● Task instructions
There are pictures in the records below; leave them out and set down exactly the lines from the one holding "brass door knob and caster wheel lot" through the one holding "tattooed bearded lad by Roza from Greece".

● Information shown
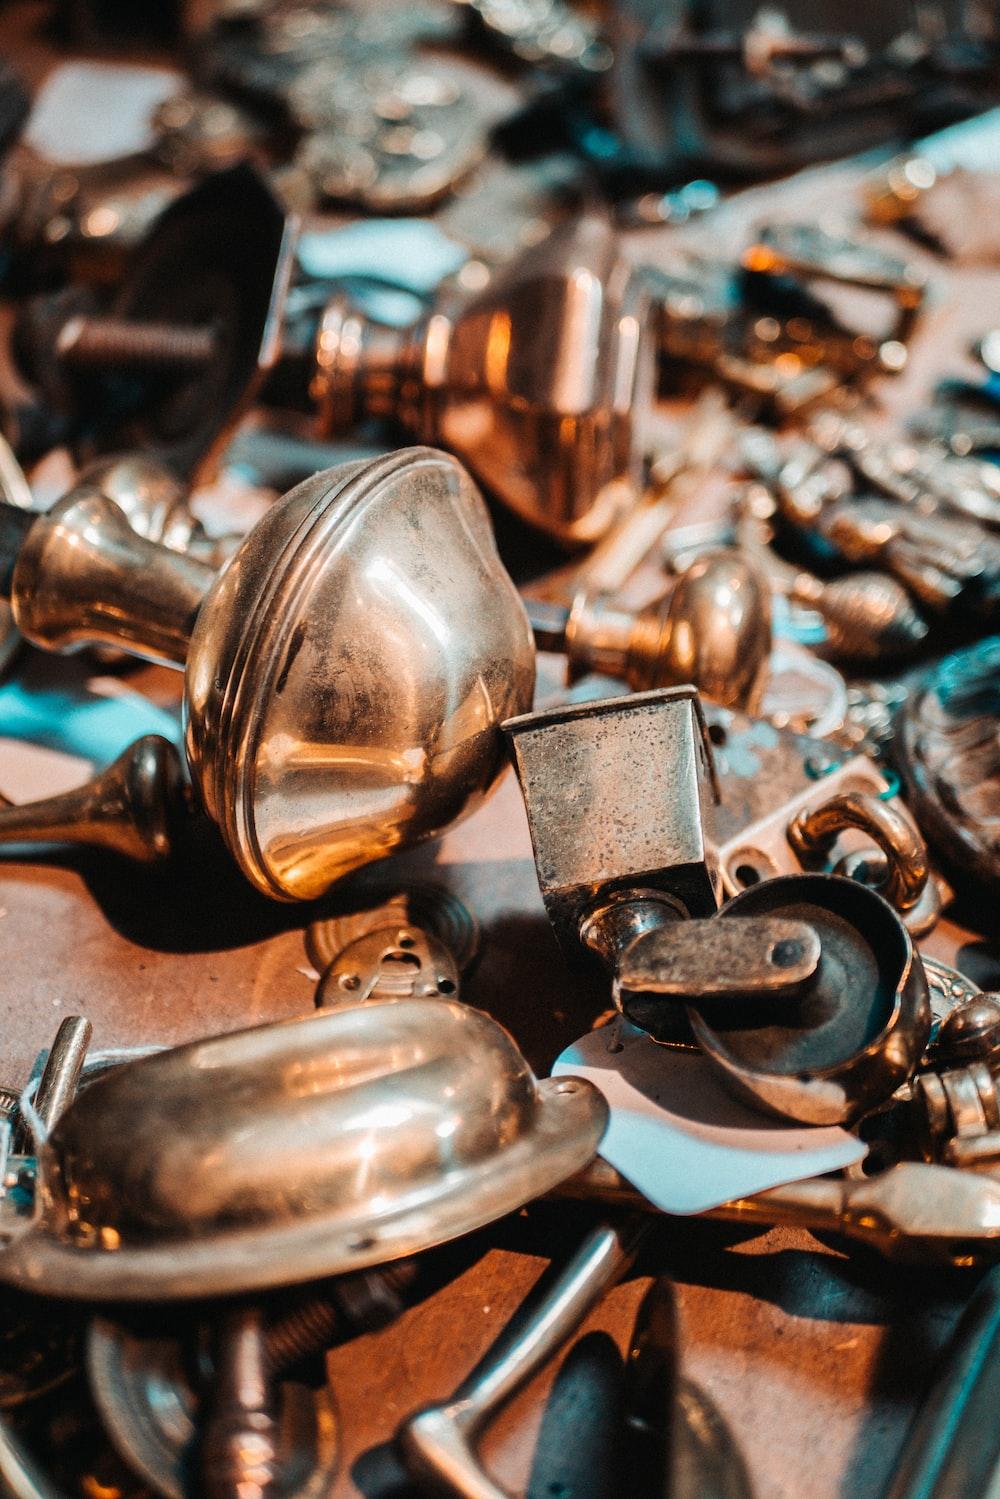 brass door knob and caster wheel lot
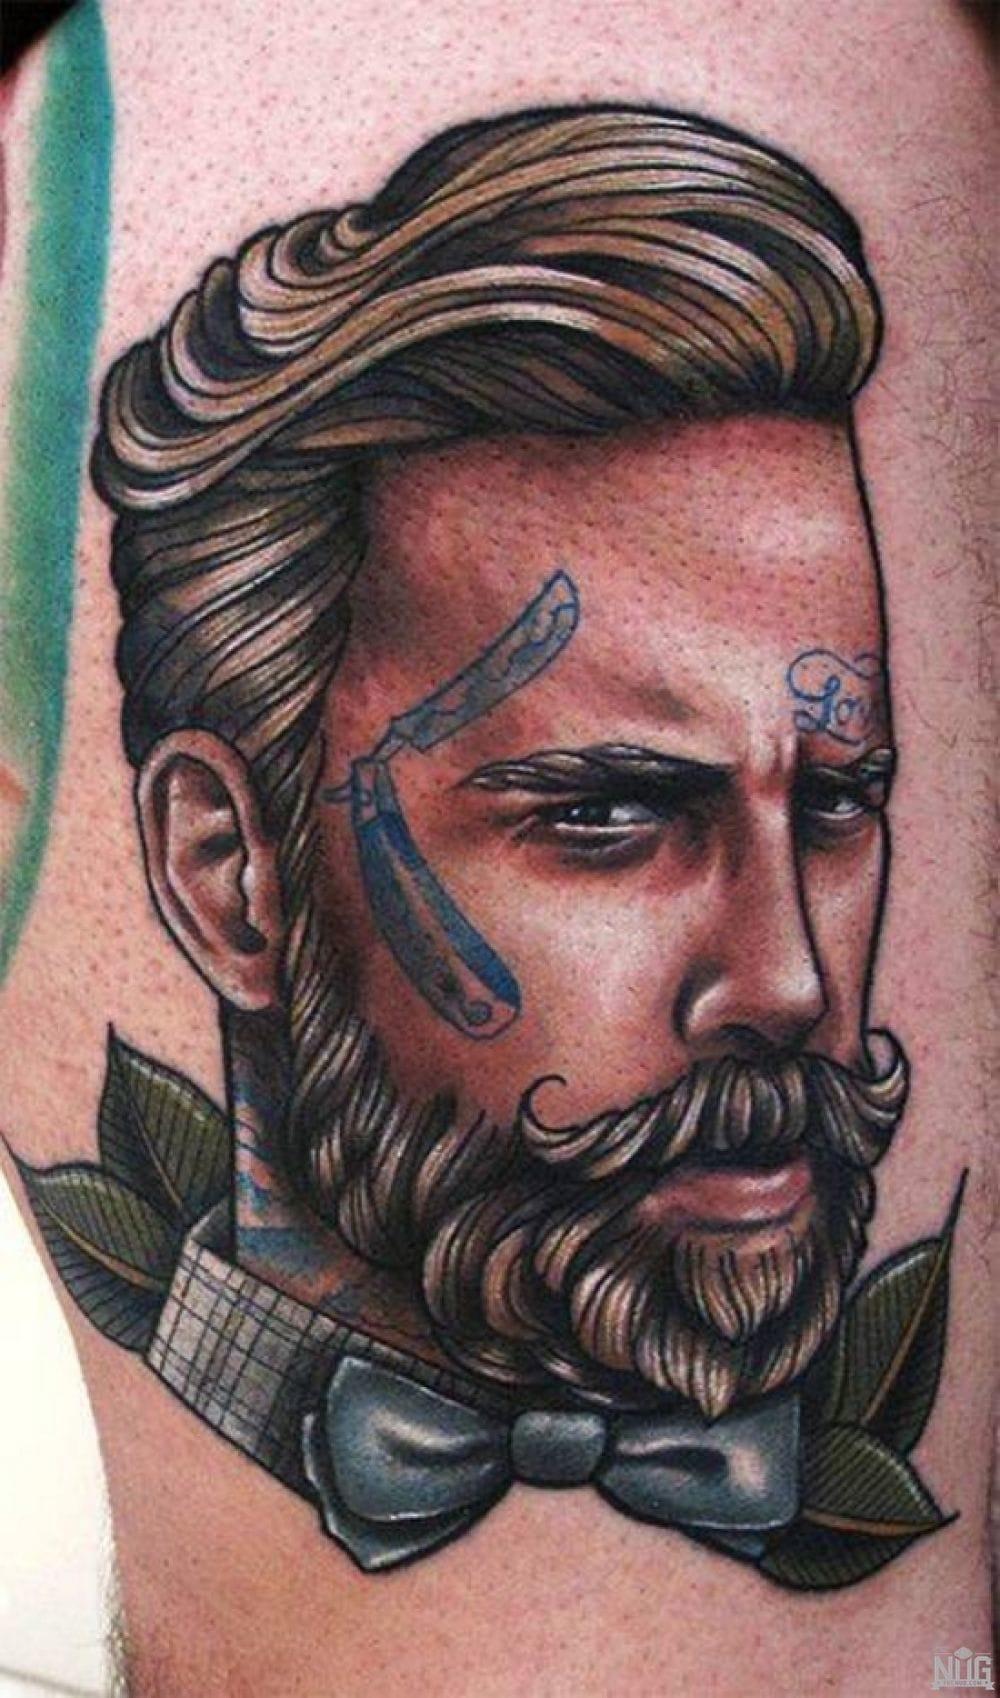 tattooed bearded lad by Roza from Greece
---
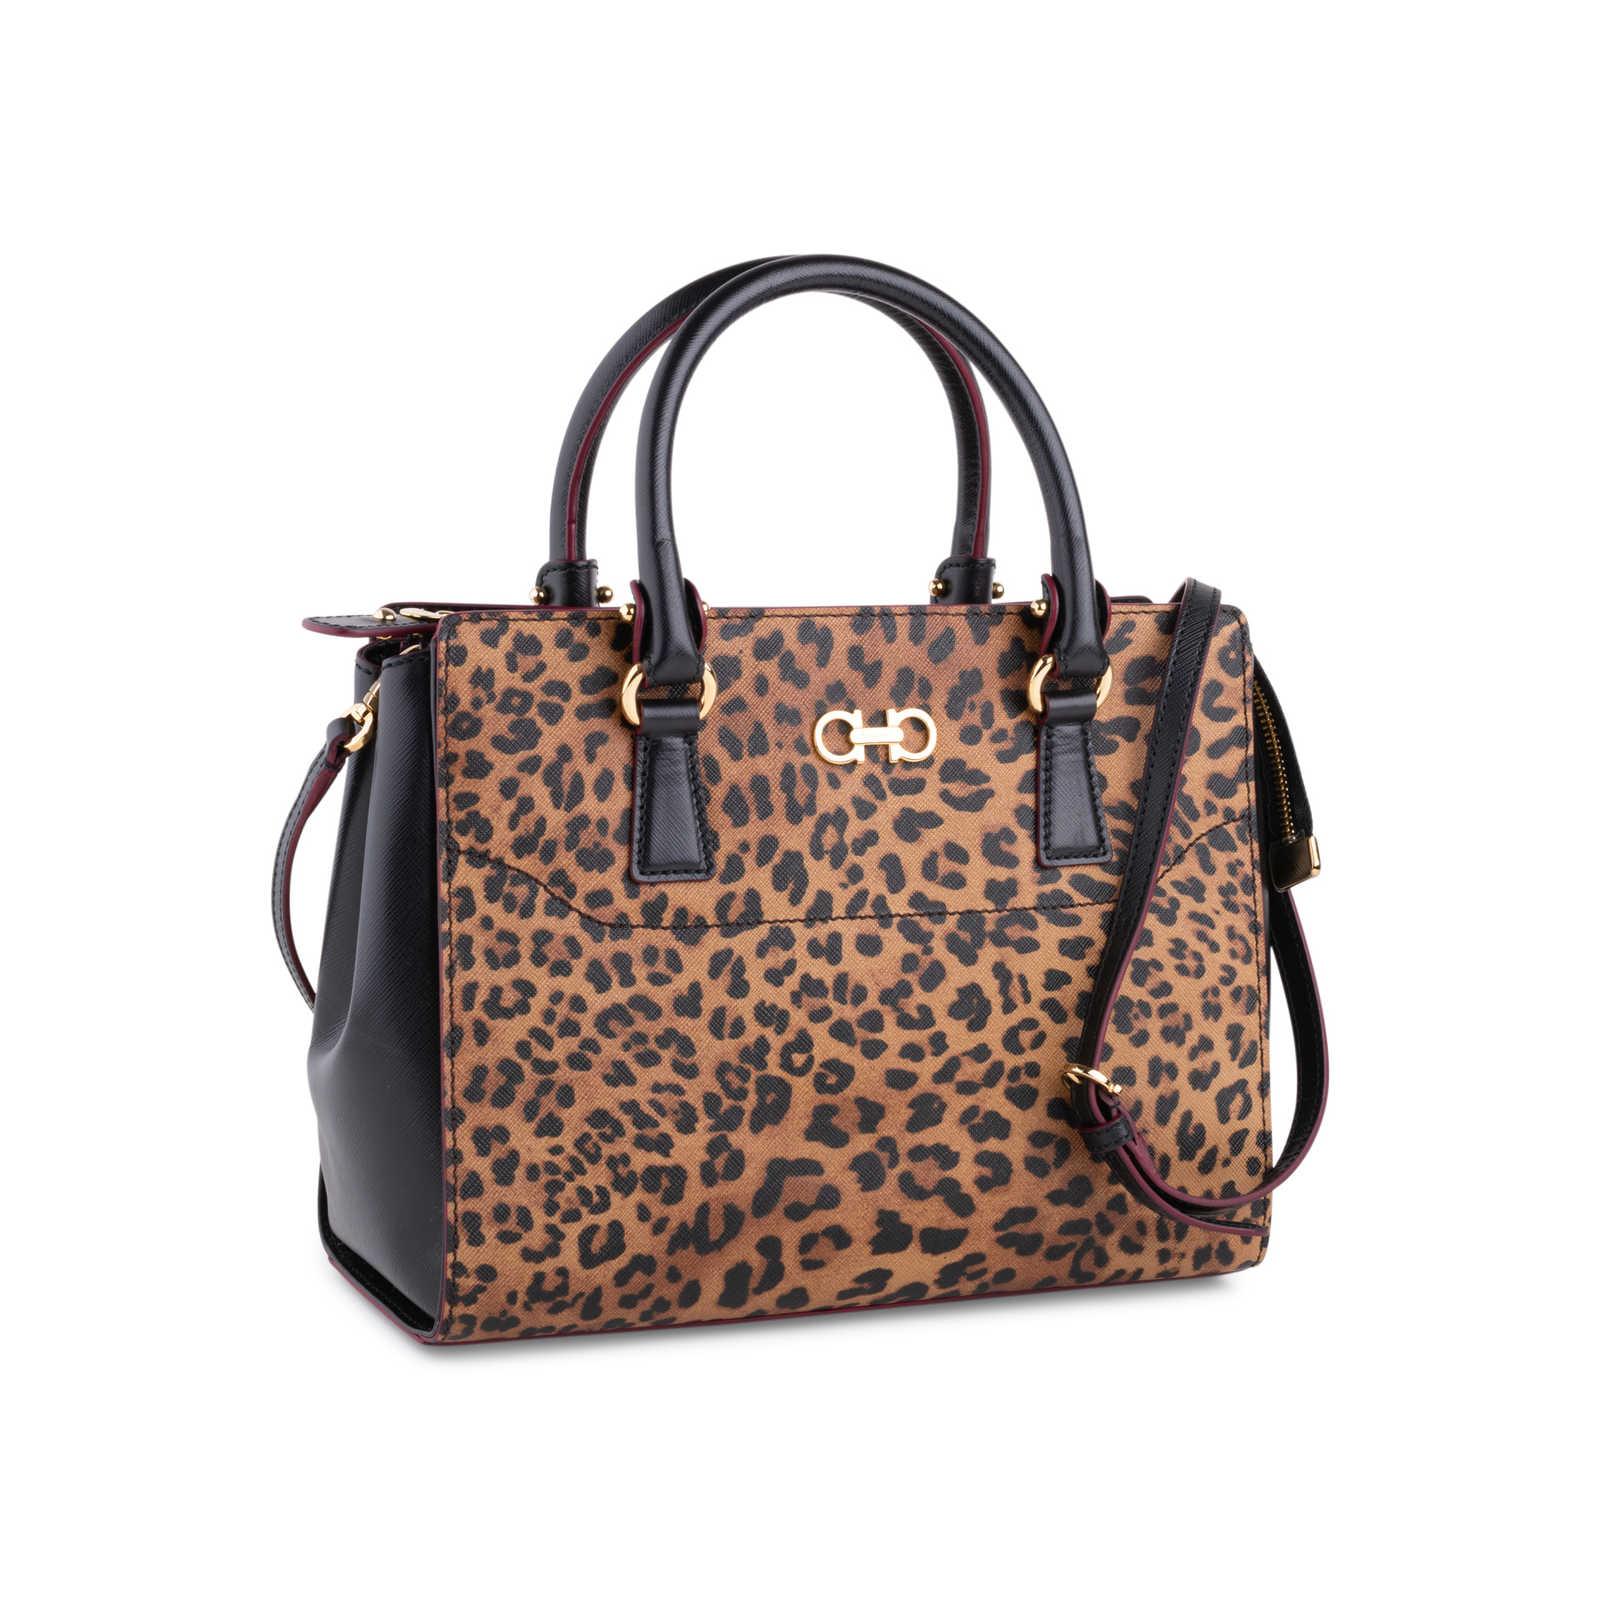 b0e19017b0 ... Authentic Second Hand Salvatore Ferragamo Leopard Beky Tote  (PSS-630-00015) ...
...
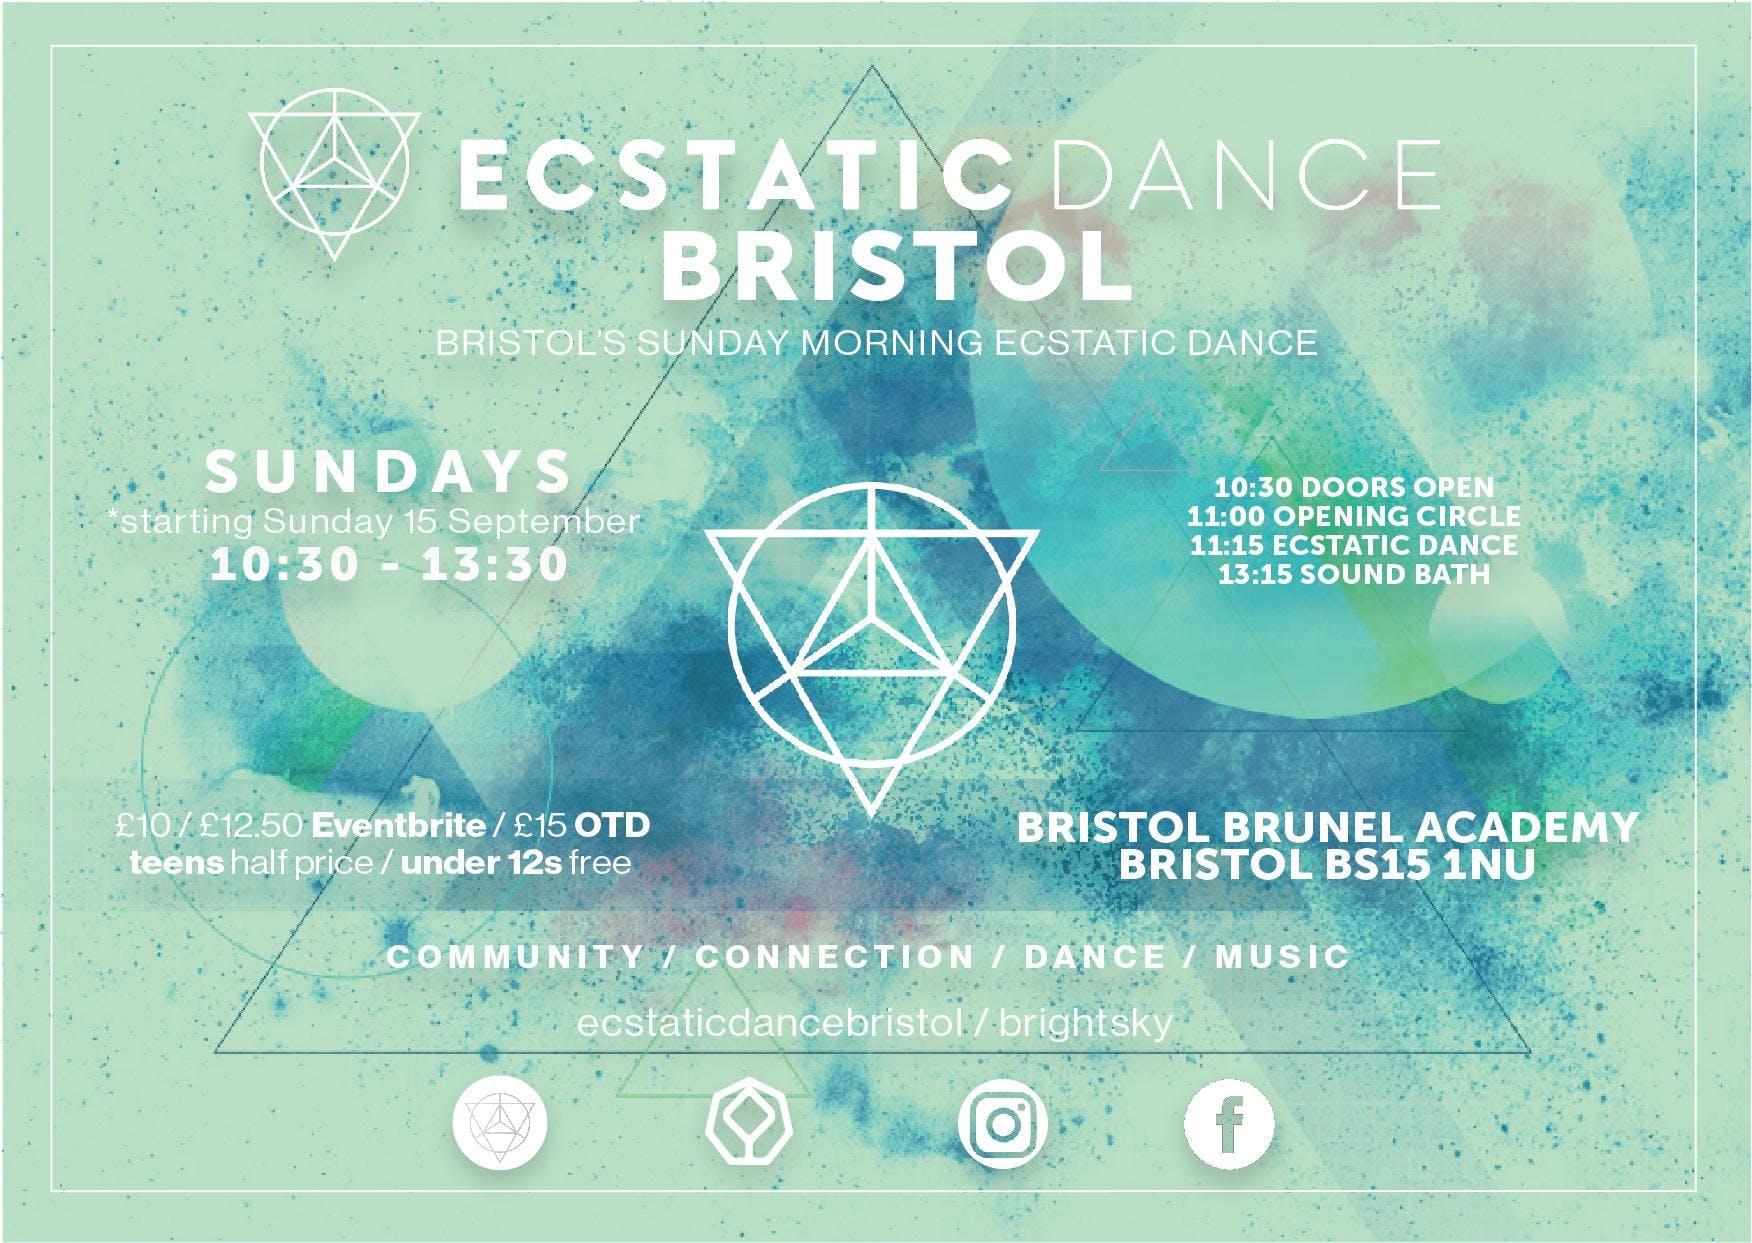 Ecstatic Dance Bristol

● Answer for the task
 brass door knob and caster wheel lot
 tattooed bearded lad by Roza from Greece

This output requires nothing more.